Data segment:
+===+

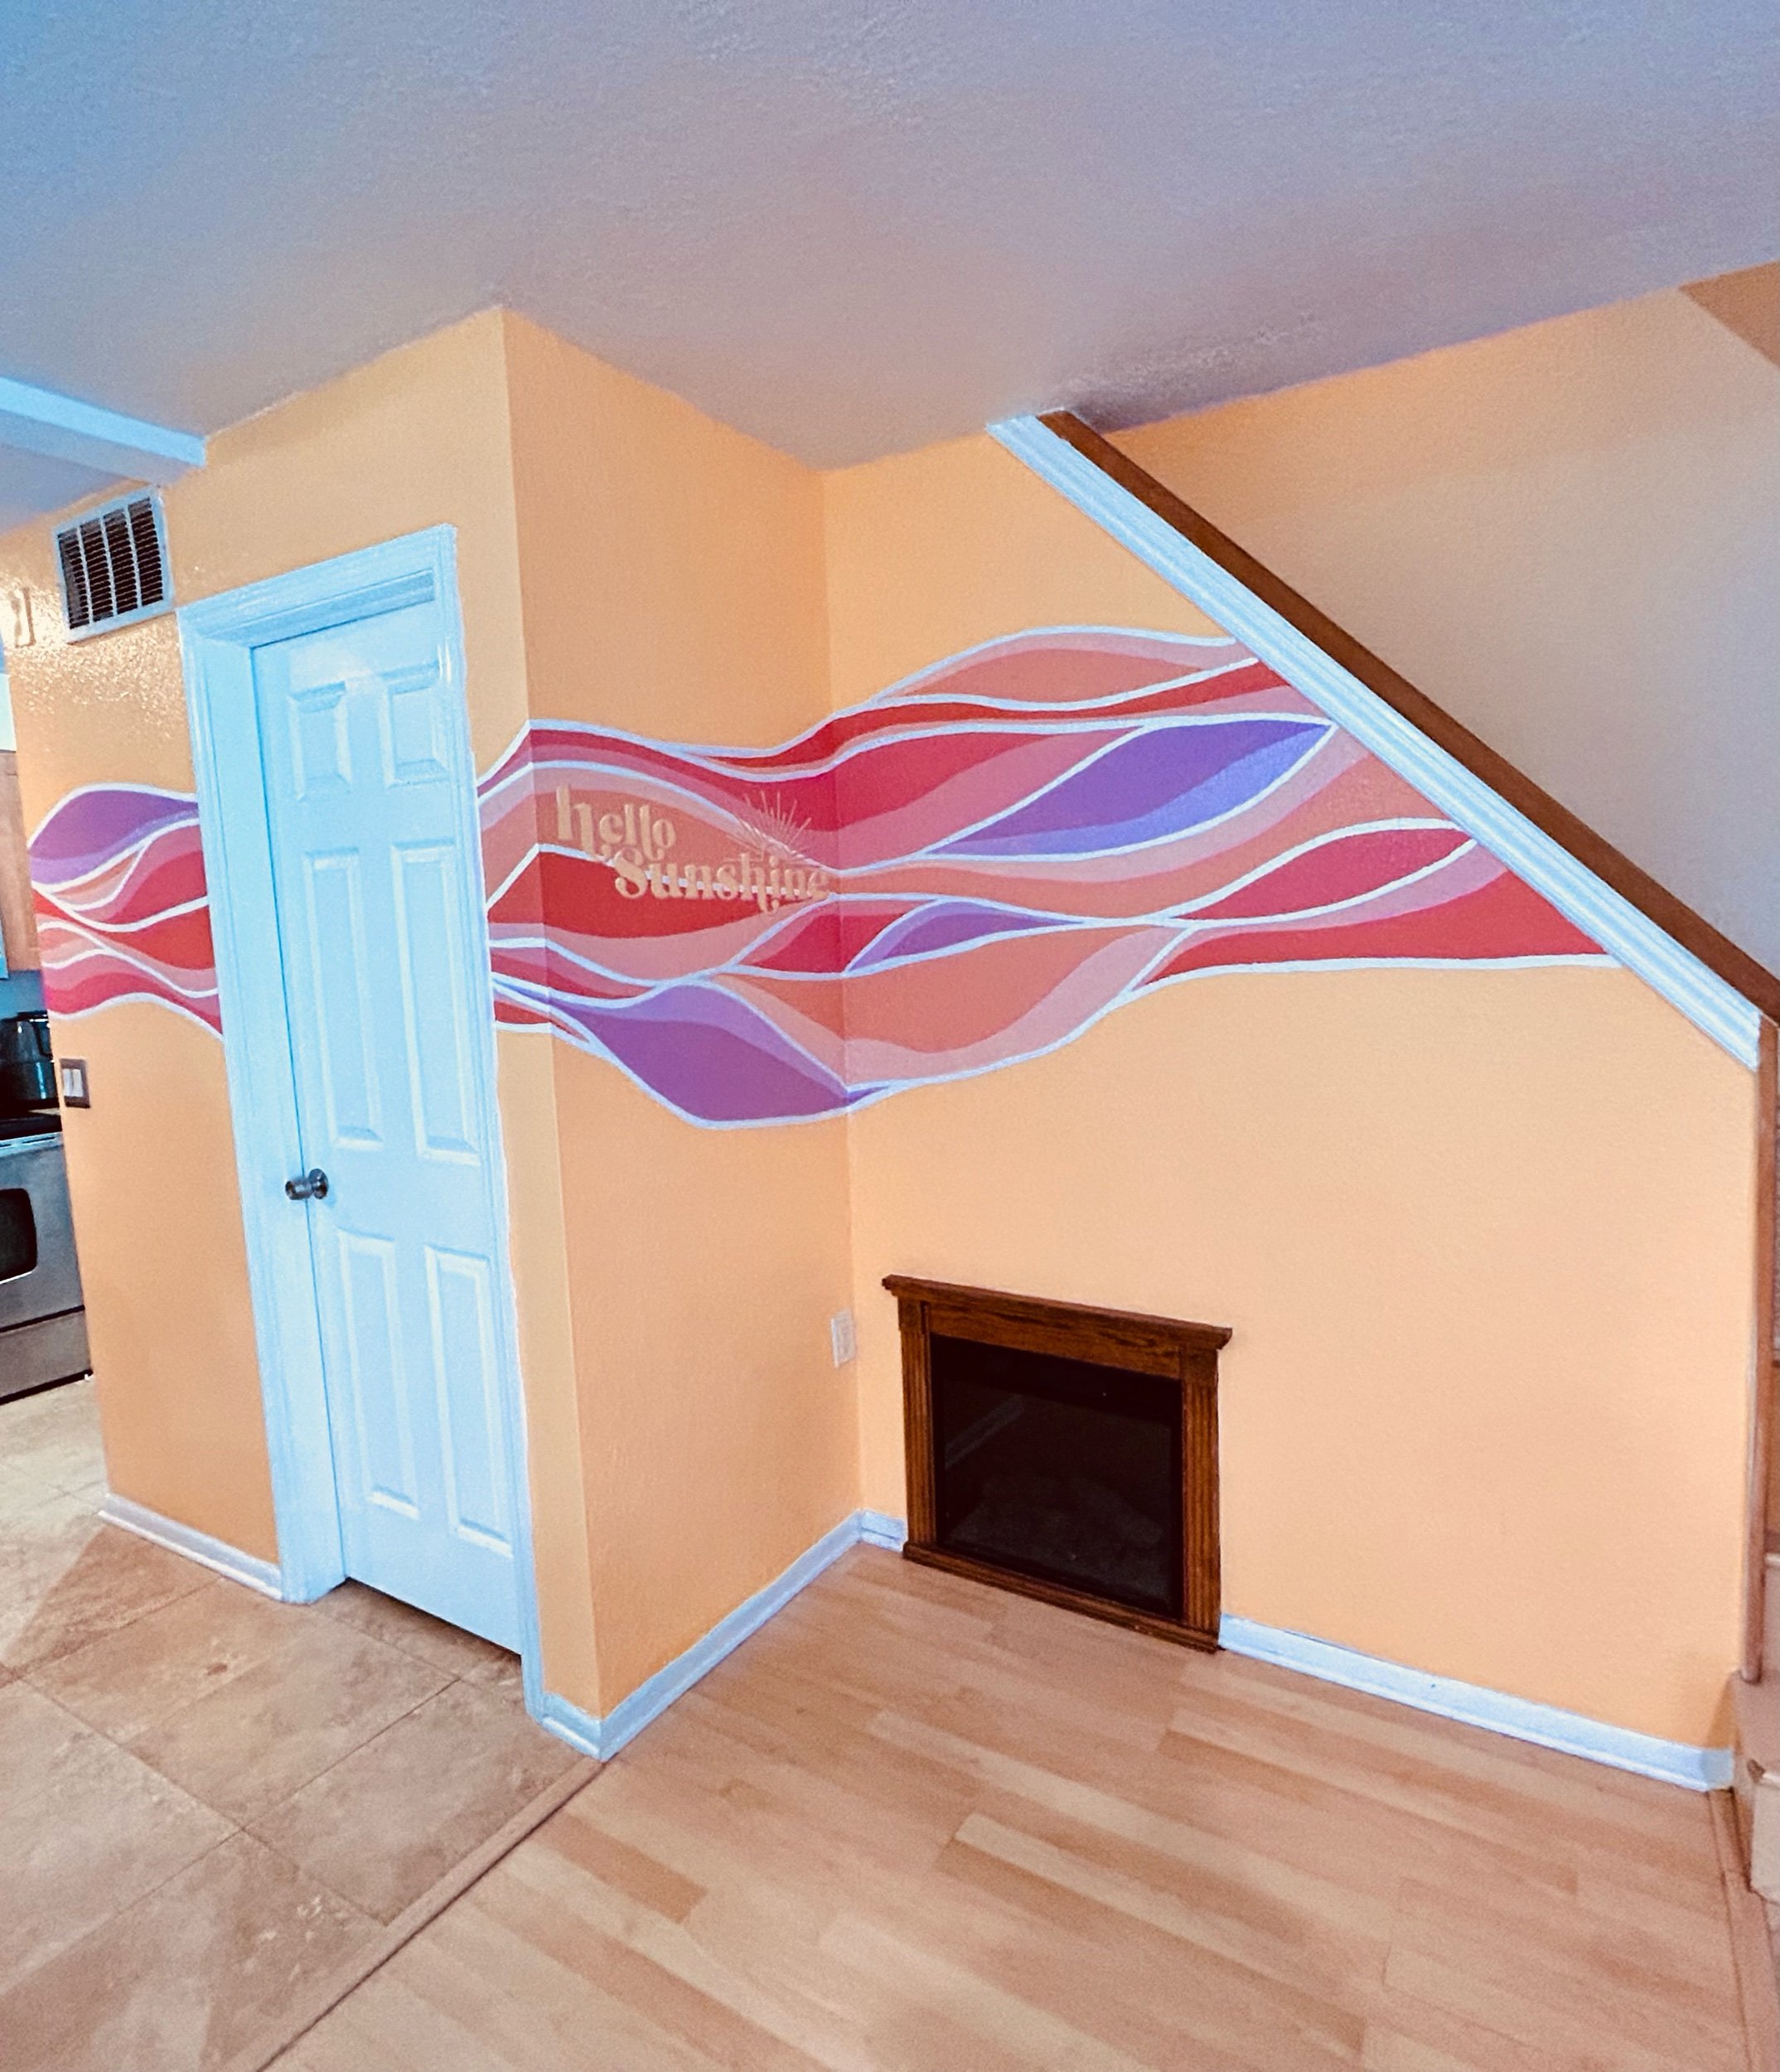 Abstract waves mural
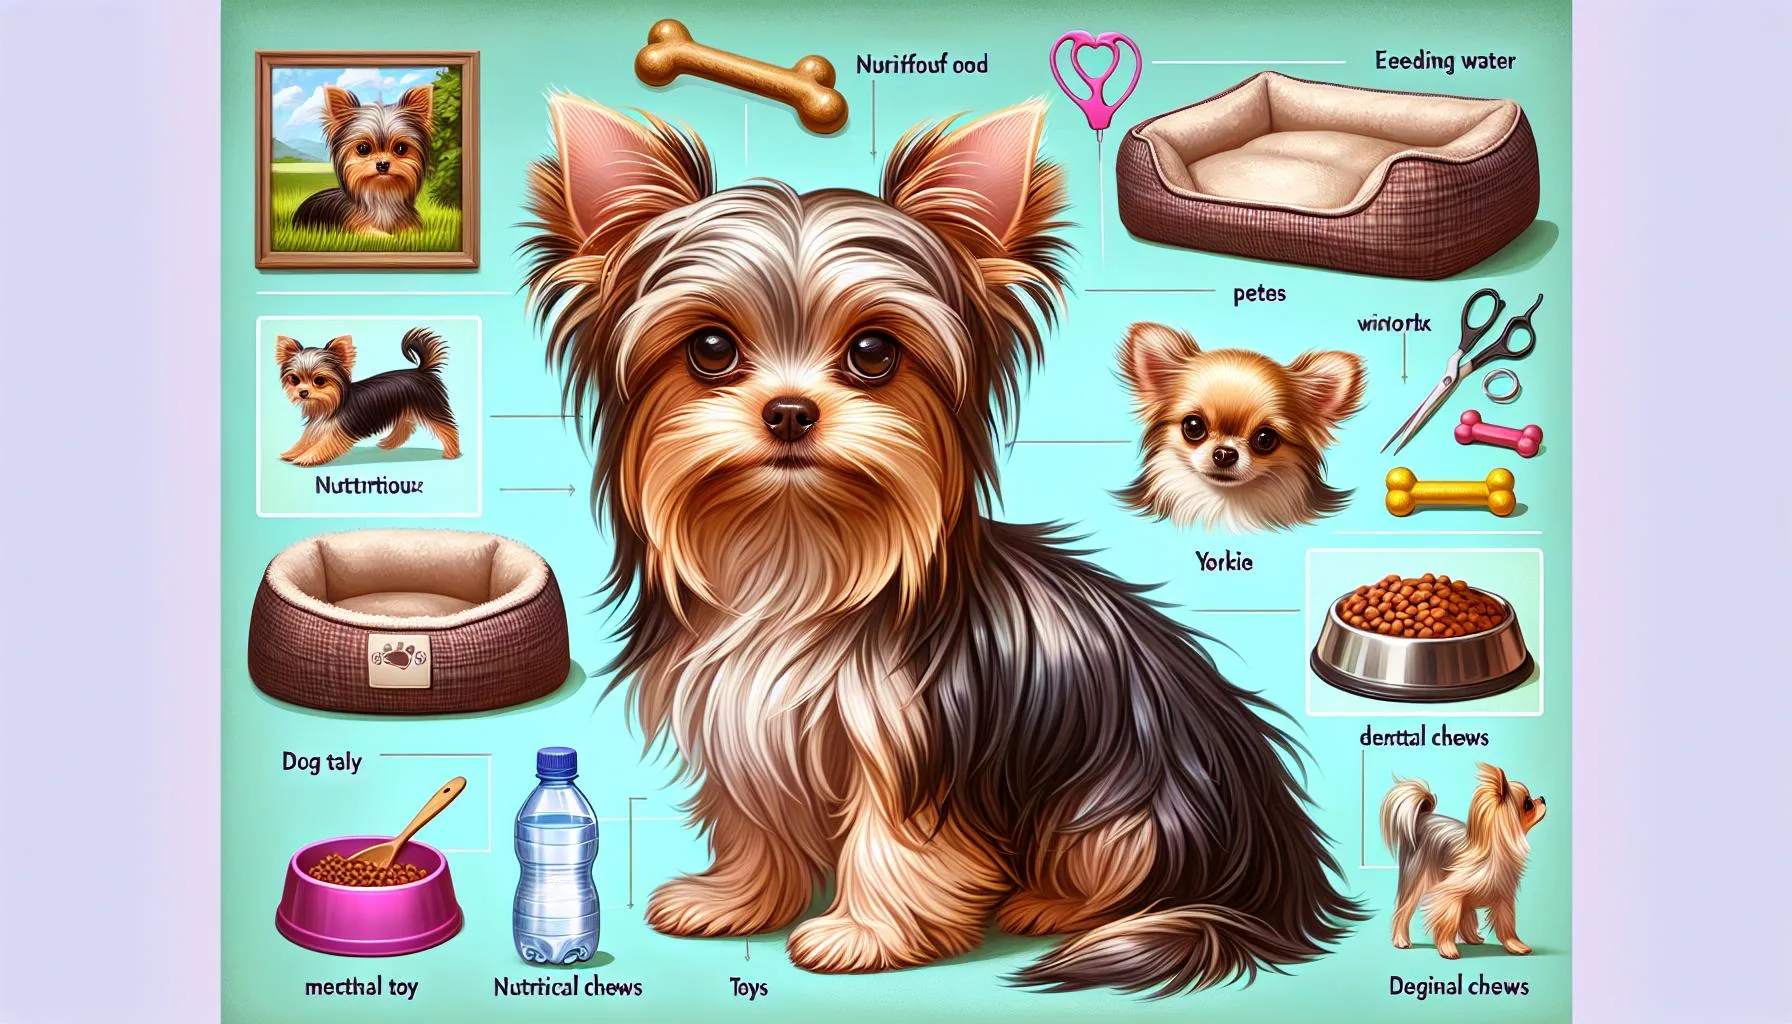 See How Adorable a Yorkie-Chihuahua Mix Can Be!
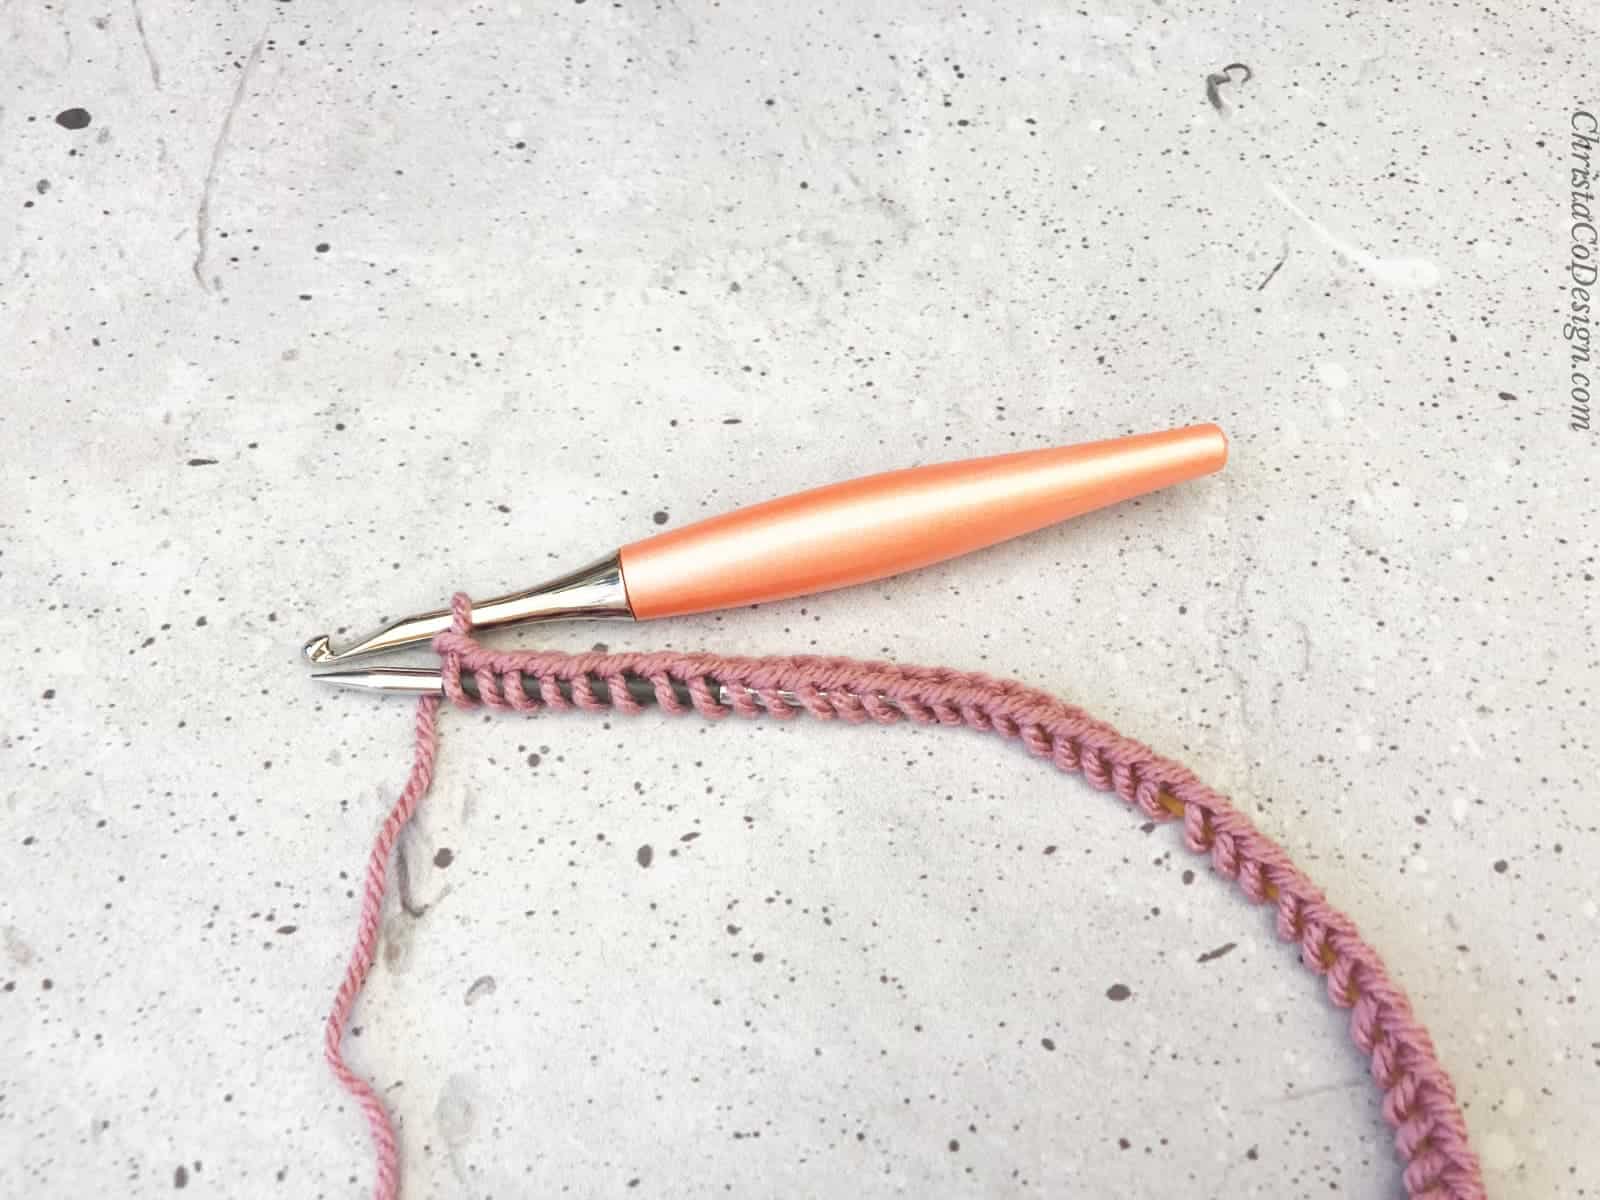 Knitting Cast On With A Crochet Hook

+===+

Task directions: Apart from its pictures, the data is to be repeated exactly.

Reply:
 Abstract waves mural
 See How Adorable a Yorkie-Chihuahua Mix Can Be!
 Knitting Cast On With A Crochet Hook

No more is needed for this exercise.